中学生の頃、何かと反抗してきたあの感じを思い出して、つい笑ってしまう。
「三郎、もしかして照れてる?」
「してねーし!なんで俺が……てかさ」
三郎は軽く咳払いをして、グラスの中のハイボールをくるくると揺らす。
「俺、今、二十歳。

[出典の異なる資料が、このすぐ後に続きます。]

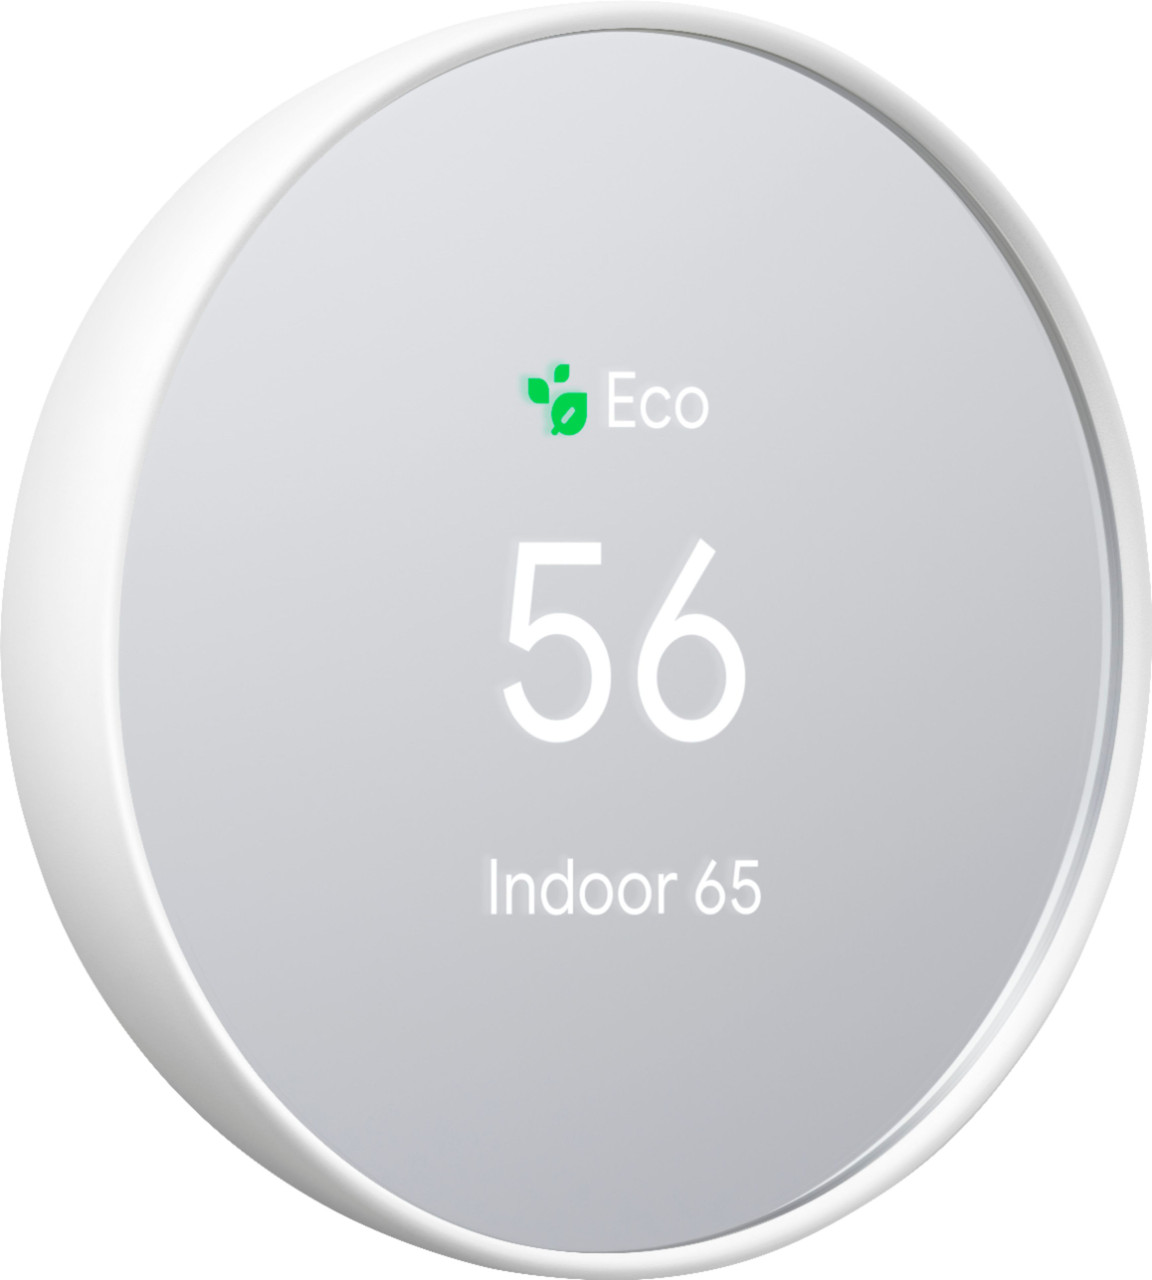 Google Nest Thermostat - Programmable Smart Wi-Fi Thermostat for Home - Snow

ちゃんと大人になったし。
だから……子ども扱い、すんな…」
──あぁ。
またちょっと背伸びしてる顔が、懐かしくて愛しくて。
でも、確かに背は伸びたし、声は低くなったし。
目の奥の真剣さは、前よりずっと“男”の顔をしていた。
「……カッコよくなったよね、三郎」
ぽつりと漏らすと、彼の耳がわずかに赤くなる。
「当たり前っしょ。オレ、努力してっから。
昔のおれのことしか知らないなら、ちゃんと今を見ろよな」
「え、見せてくれるの?“今の三郎”」
少し意地悪にそう言えば、彼はくっと笑って、少し体を乗り出してくる。
「見せてやるよ。……ちゃんと、“男”になった俺を」
その言葉に、少しだけ胸がドキッとする。
昔から知ってる“弟みたいな存在”に、そんなふうに見られるなんて──。
「なんかさ、六花も
“姉ちゃん面”してないで、ちゃんと飲めよ」
そう言って、三郎は自分のグラスを掲げてくる。
その表情は、やっぱりちょっと生意気で──でもちゃんと頼もしかった。
「……じゃ、カンパイしよっか。大人の三郎くんと」
「やっとかよ」
カチンと響いたグラスの音が、
“昔”と“今”の境界線を、ふっと溶かしていく──。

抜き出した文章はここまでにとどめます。